Preliminary work for experiments on inner core attenuation

The Earth’s inner core is made of a solid iron alloy. Seismic observations suggest a structure and an anisotropy which leads to variations in both the velocity and the attenuation of the seismic waves. Attenuation is the loss of energy during the propagation of the seismic waves. Whether this attenuation arises from intrinsic properties of the iron alloys or extrinsic origins remains an open question. In this context, studying attenuation in metallic alloys could help improving our knowledge about the physical properties and the geodynamic of the inner core.
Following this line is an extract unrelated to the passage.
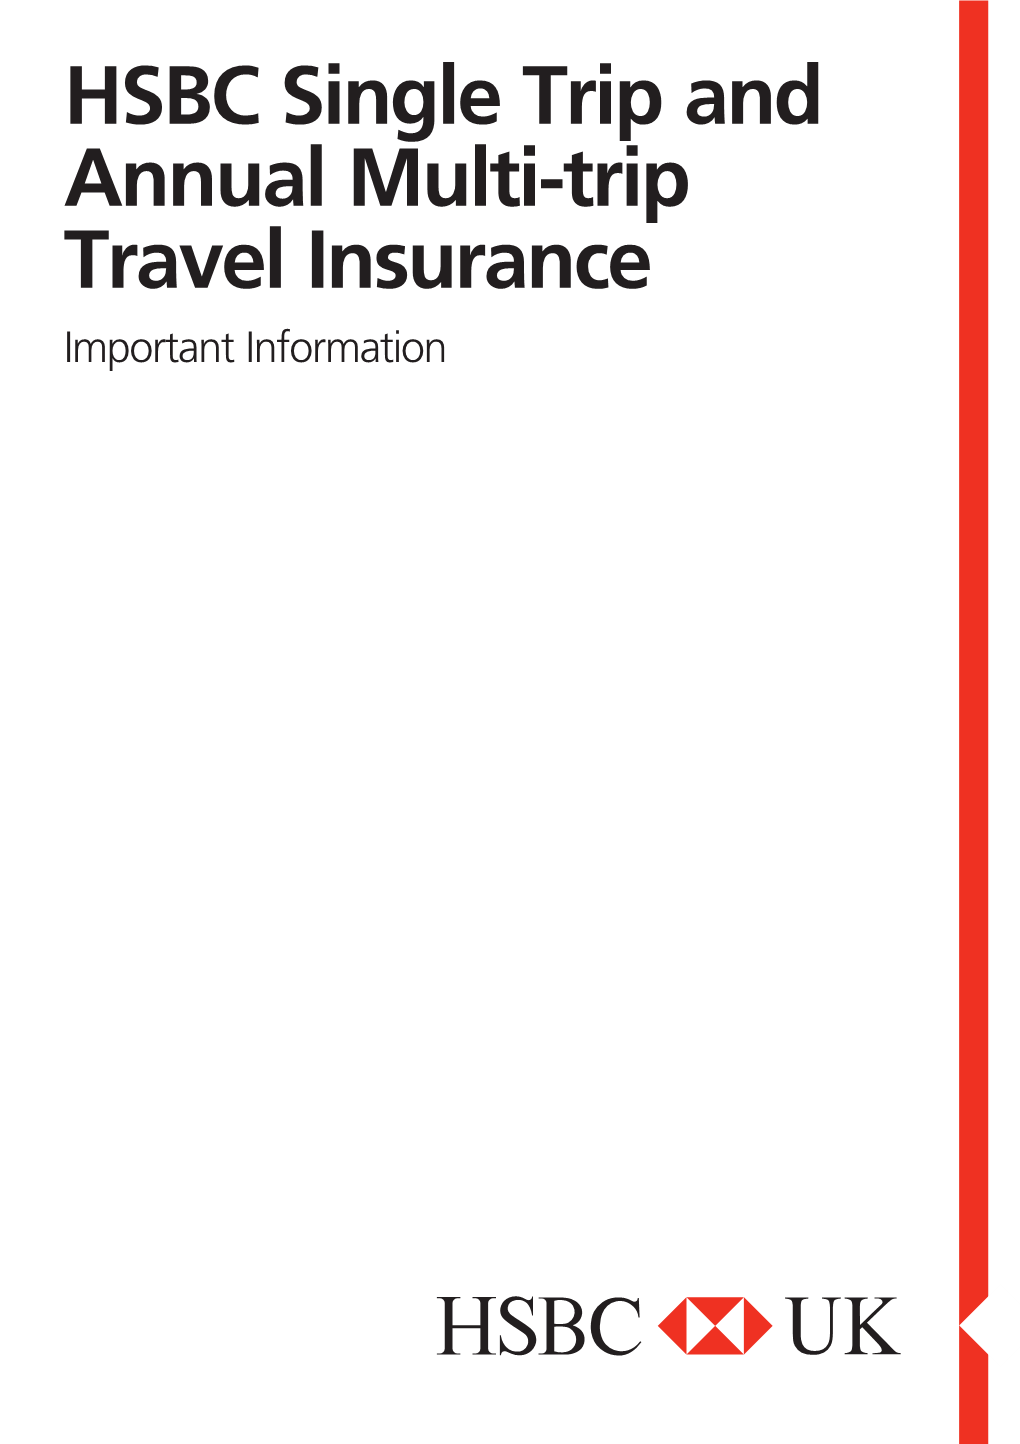 HSBC Single Trip and Annual Multi-Trip Travel Insurance Important Information

Different sources of attenuation exist in the core: extrinsic and intrinsic sources. The first one is linked to external environment that impact the wave propagation, such as scattering or heterogeneities. Intrinsic sources are related to the properties of the material itself. This work focuses on the latter and particularly on the anelastic relaxation, which is one of the source of internal friction.
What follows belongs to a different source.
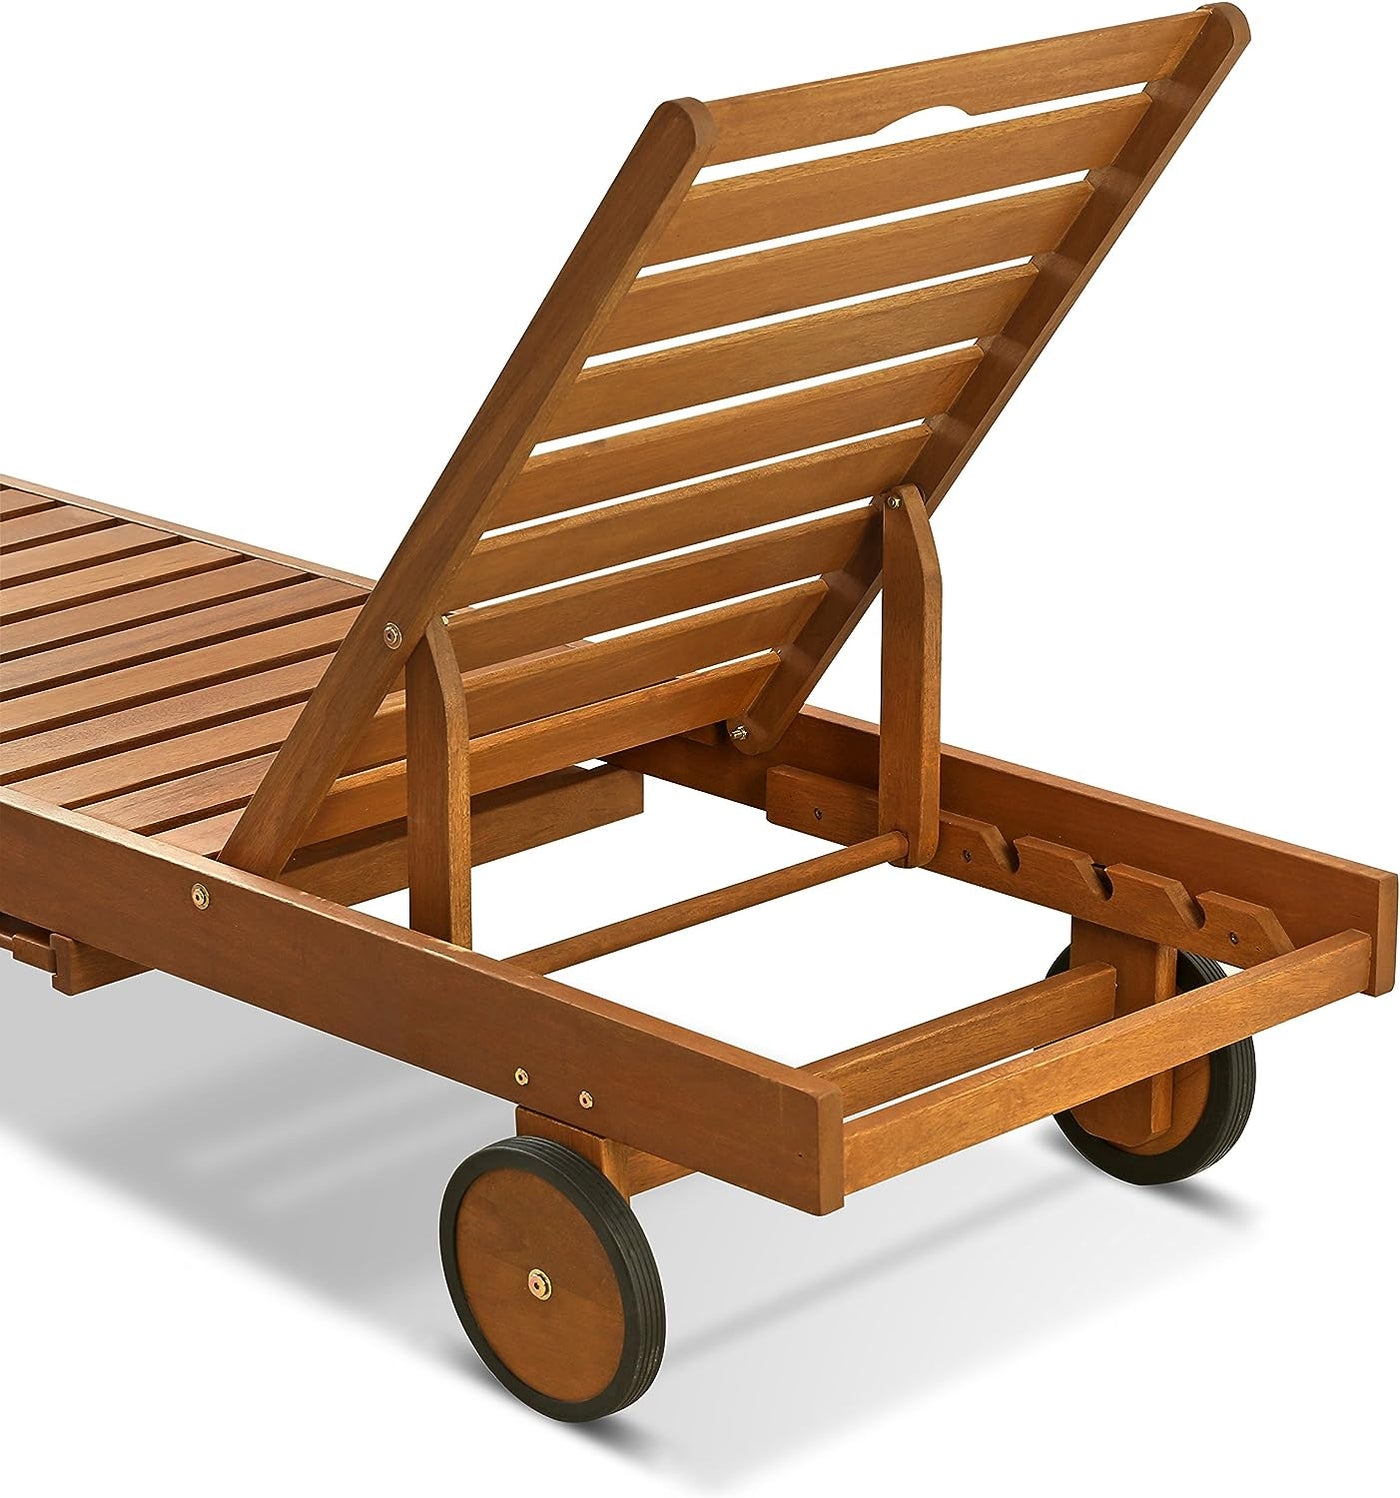 Outdoor Hardwood Patio Furniture Sun Lounger with Tray in Teak Oil, Natural - $110

In this work, we are re-investigated these problems to understand attenuation mechanisms in metals at high temperature. The experiments are conducted on a dynamic mechanical analysis (DMA) instrument with control of temperature and oxygen fugacity albeit at ambient pressure. Thus, we use an analogous material which presents similar crystallographic structure and is expected to behave like the inner core.

Here, we will present the first tests realized with variable frequency and constant temperature and discuss the future steps of the project.